The phone box in Colpy which is now housing a new defibrillator. Greg Manning who restored the phone box with the new device.
Picture by Colin Rennie
The phone box in Colpy which is now housing a new defibrillator. Greg Manning who restored the phone box with the new device. Picture by Colin Rennie

A small rural community in Aberdeenshire could be the first to benefit from a potentially life-saving road sign.

The unused red telephone box in Colpy has recently been refurbished and fitted out with a new defibrillator, following months of fundraising and “hard slog” from one community-minded resident, Greg Manning.

And now, transport bosses are considering installing a ‘yet to be designed’ defibrillator sign to replace the redundant telephone sign, which is currently on the main A96 Aberdeen to Huntly trunk road.

The sign has been covered over and no longer offers directions to the nearest public telephone.

However, Mr Manning has been asking for it to be replaced for “months” and welcomed the news the plan was now being considered.

He said: “I brought it to the attention of Transport Scotland back in February and they then covered over the phone icon on the sign.

“So I extremely pleased they are considering updating it to reflect what is now inside the telephone box.

“It is mainly for people who could fall ill at one of the nearby tourist attractions or even people passing by on the road.

“Kellockbank and Morgan McVeighs are looking at getting their staff trained up and I have signage on order to tell people where the nearest defibrillator is.”
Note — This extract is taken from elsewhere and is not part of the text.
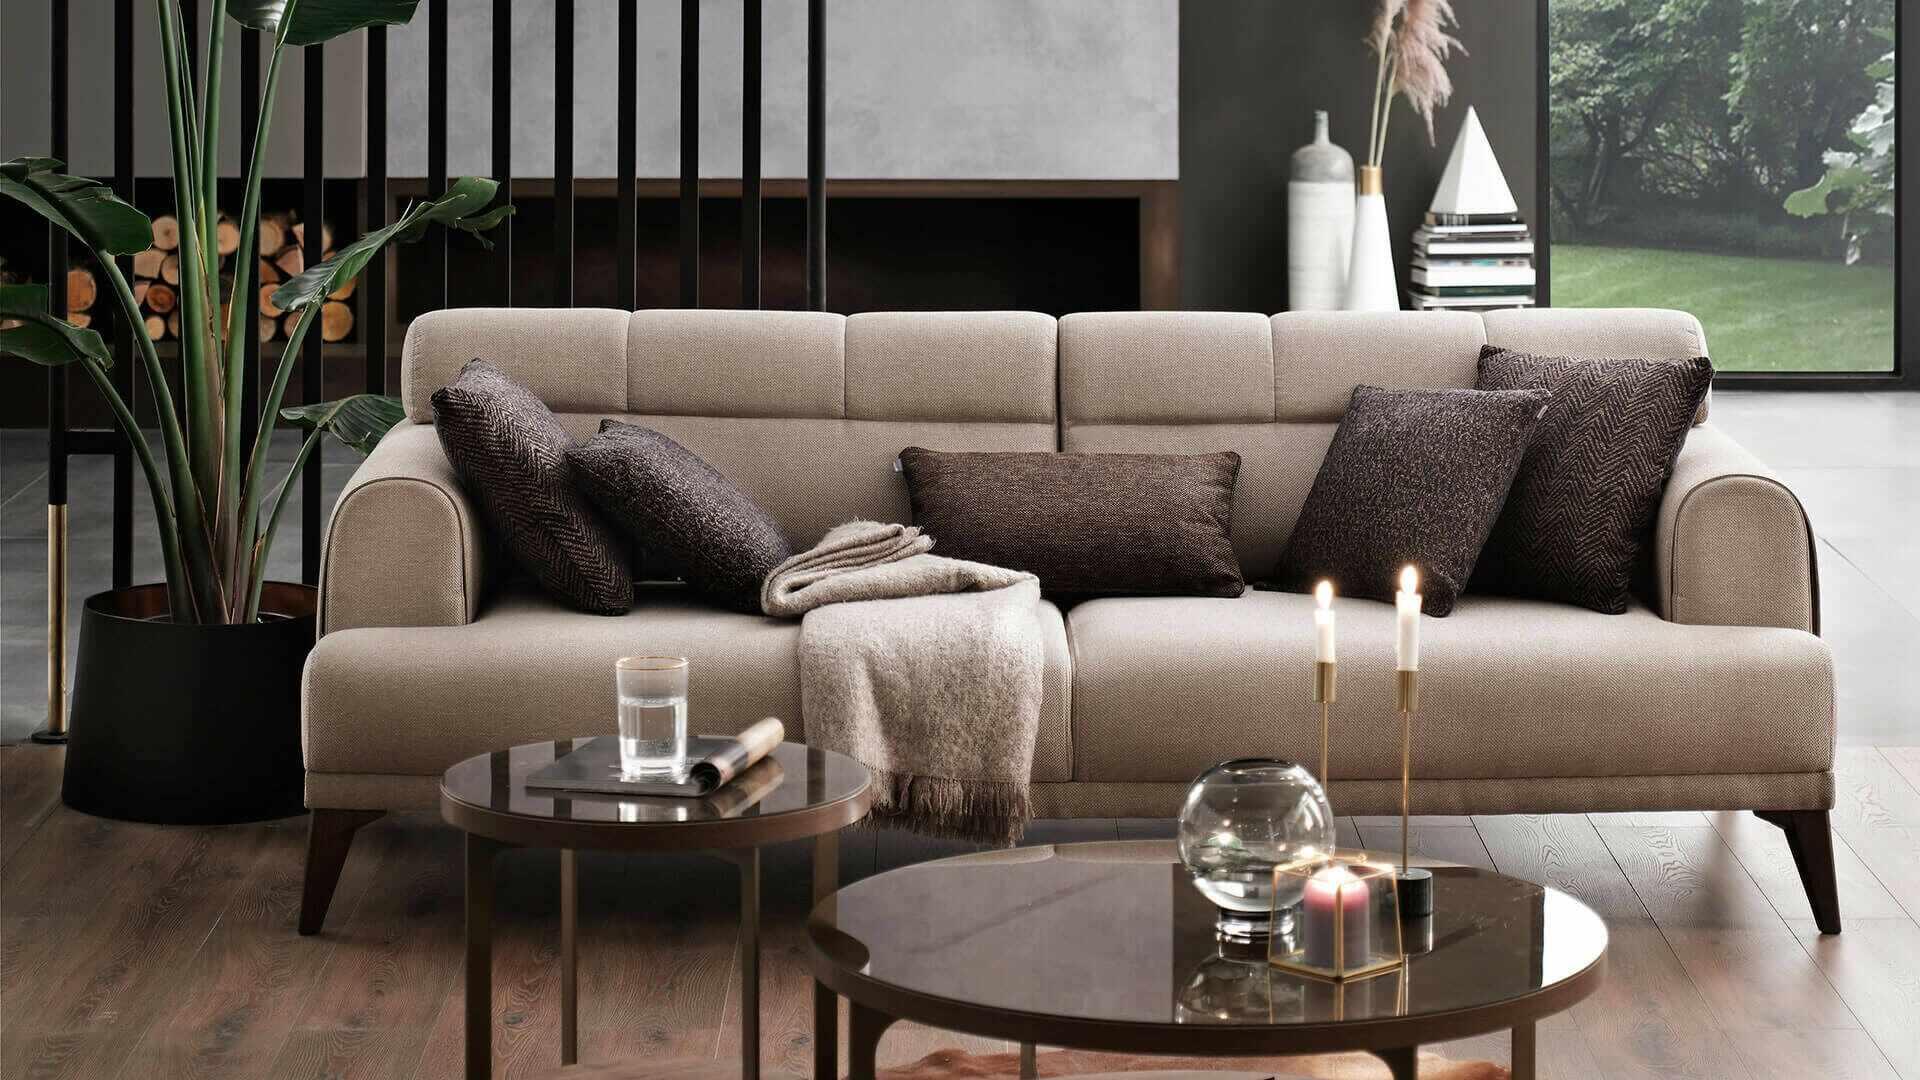 Canapea fixa cu mecanism Relax, tapitata cu stofa 3 locuri Madrid Bej, l231xA102xH80 cm la pret 4105 lei

The life-saving equipment is registered with the Scottish Ambulance service and an operating code would be given out to anyone phoning them in an emergency.

Mr Manning single-handedly stripped down the iconic amenity and spent “too long” dealing with the bureaucracy of setting up an electricity supply to the equipment.

He added: “It was a very steep learning curve. I’m not sure why no-one has published a guide to help communities with the ins and outs of installing these things. It has been very problematic.

“I had no idea I needed to register it with the ambulance service, for example. ”

There is currently no authorised traffic sign for a defibrillator, but last night a Transport Scotland spokesman confirmed they would now be looking into “available options”.

He said: “The Minister for Transport is considering proposals for trunk road signage on the A96 to the defibrillator in Colpy, Aberdeenshire.

“We will continue to keep the community council informed.”